__Problem requirements__
Please give back the listing exactly, without any of its pictures.
*** Data section ***
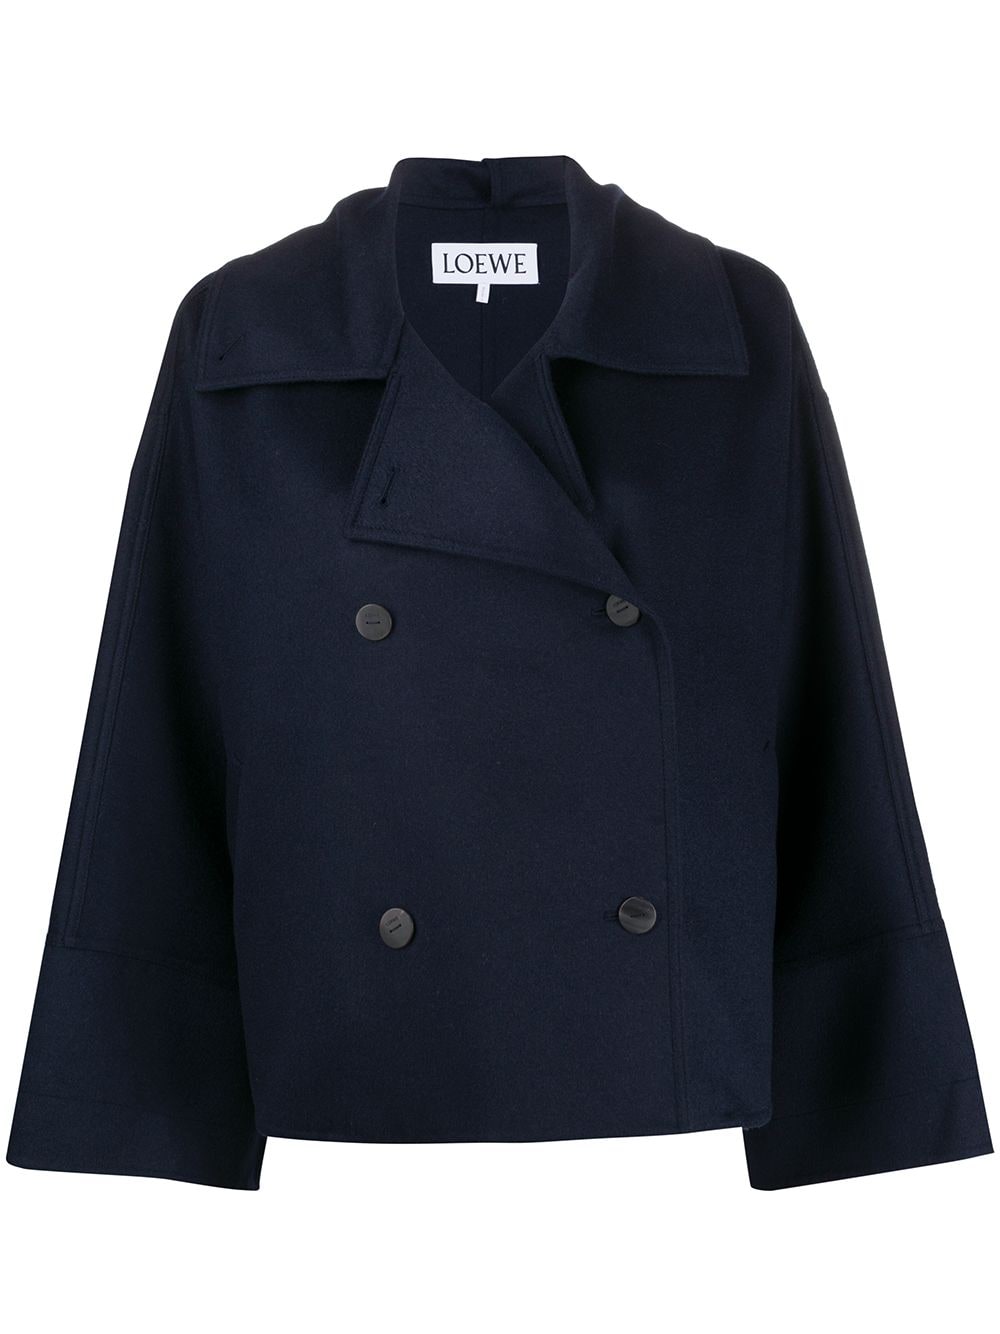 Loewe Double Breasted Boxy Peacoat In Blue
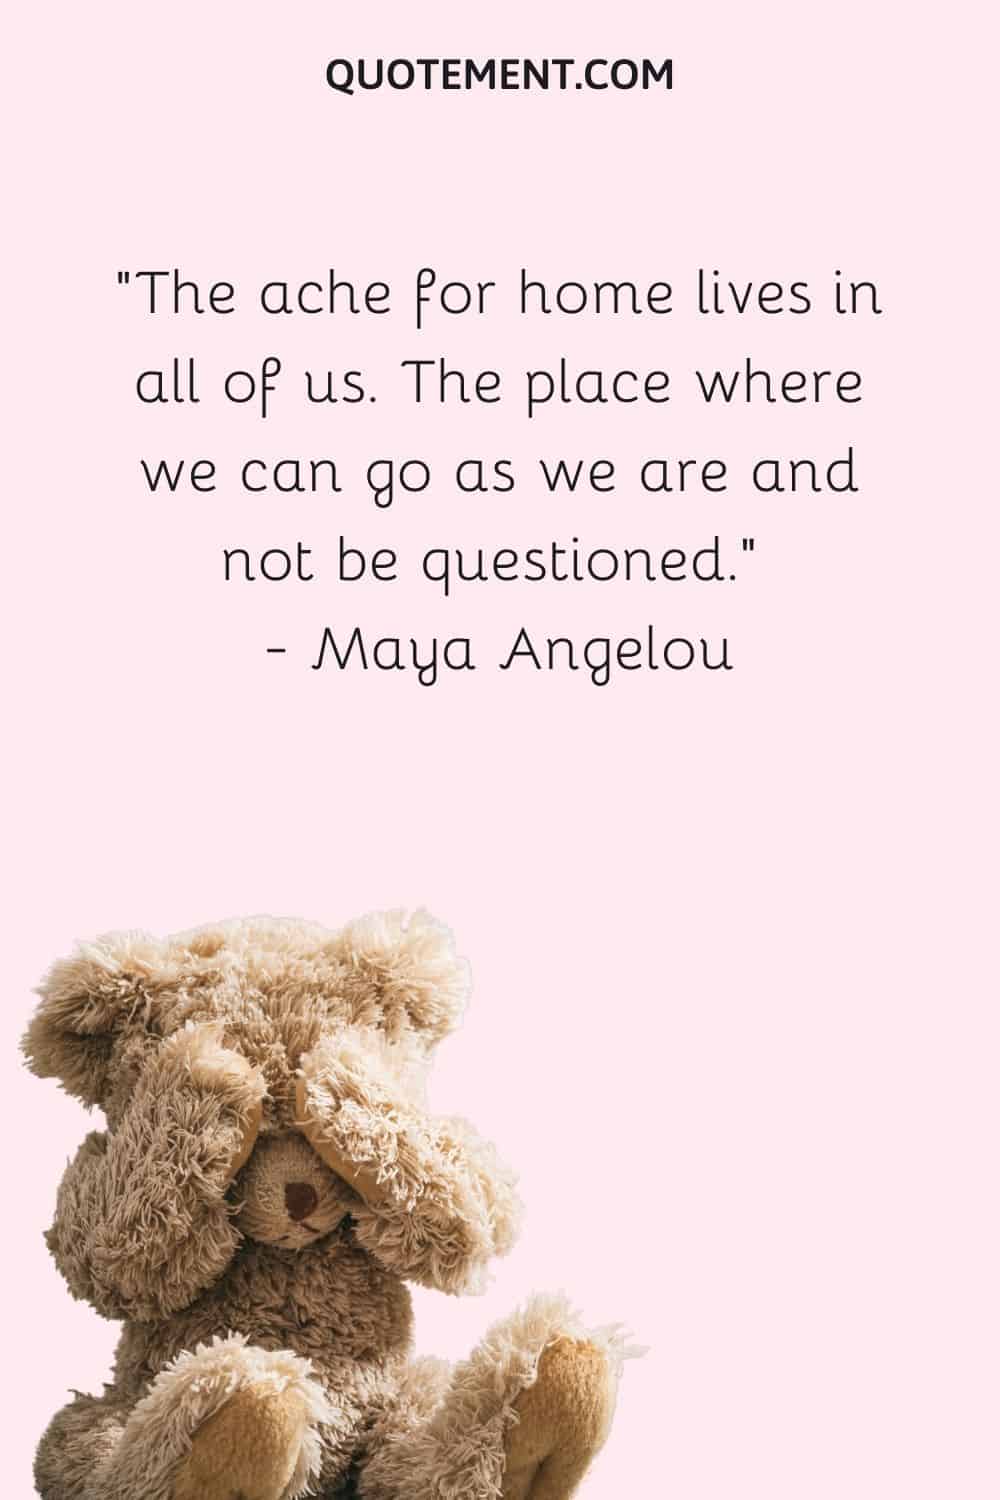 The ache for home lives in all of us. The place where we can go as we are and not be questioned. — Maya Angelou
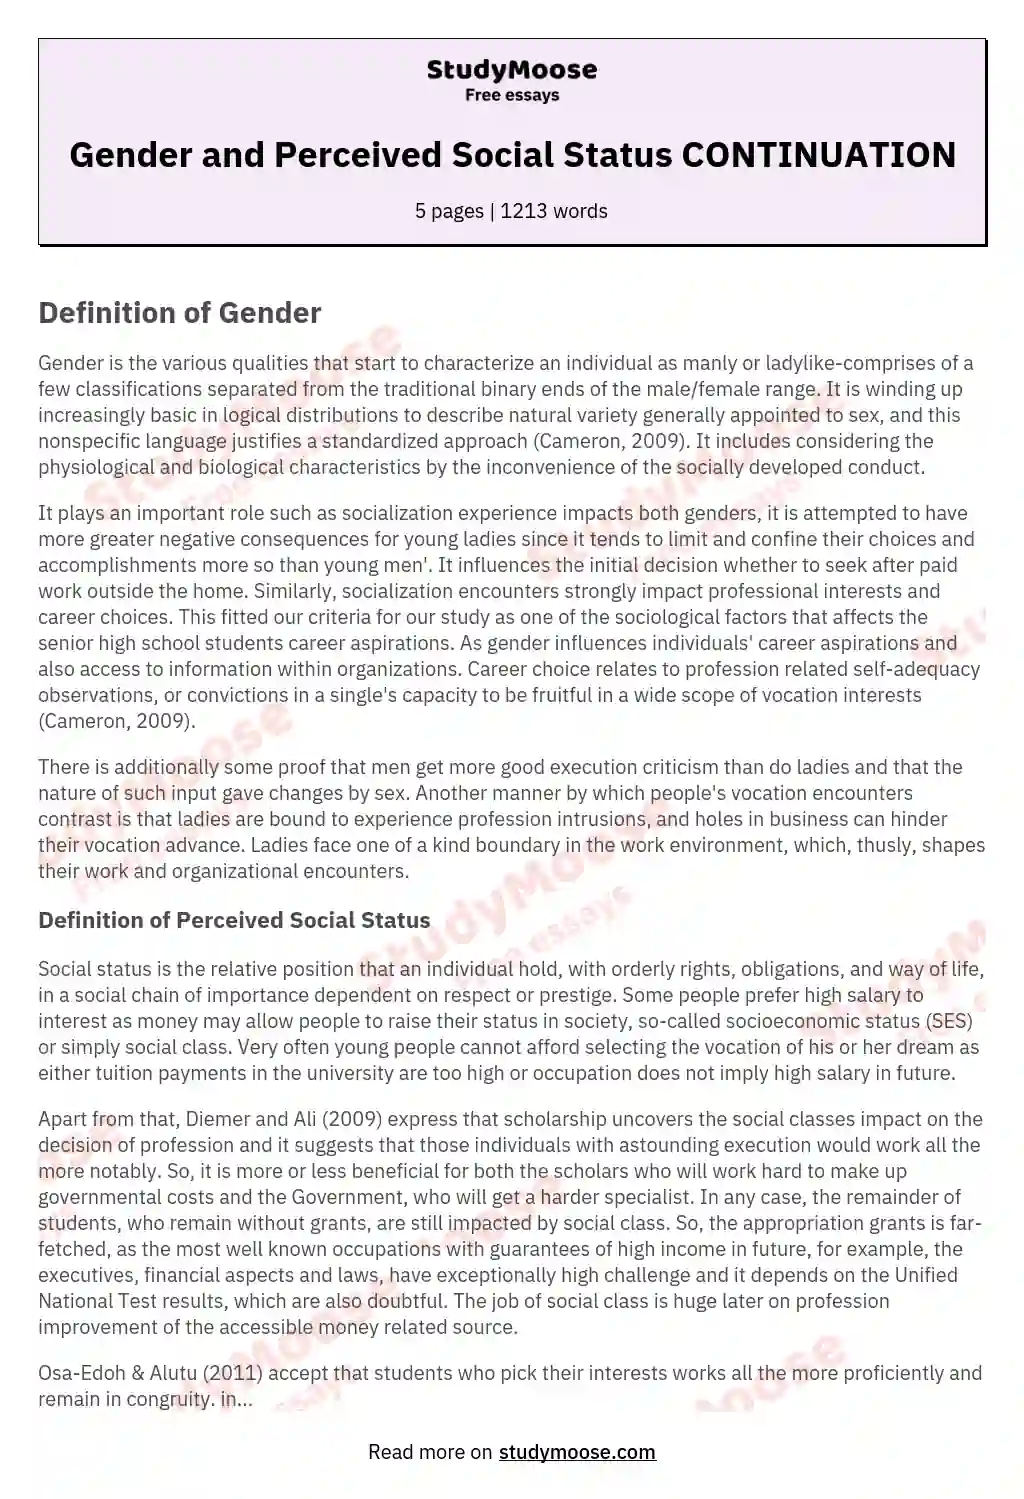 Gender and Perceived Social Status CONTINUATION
*** End of Data section ***
__Exercise response__
 Loewe Double Breasted Boxy Peacoat In Blue
 The ache for home lives in all of us. The place where we can go as we are and not be questioned. — Maya Angelou
 Gender and Perceived Social Status CONTINUATION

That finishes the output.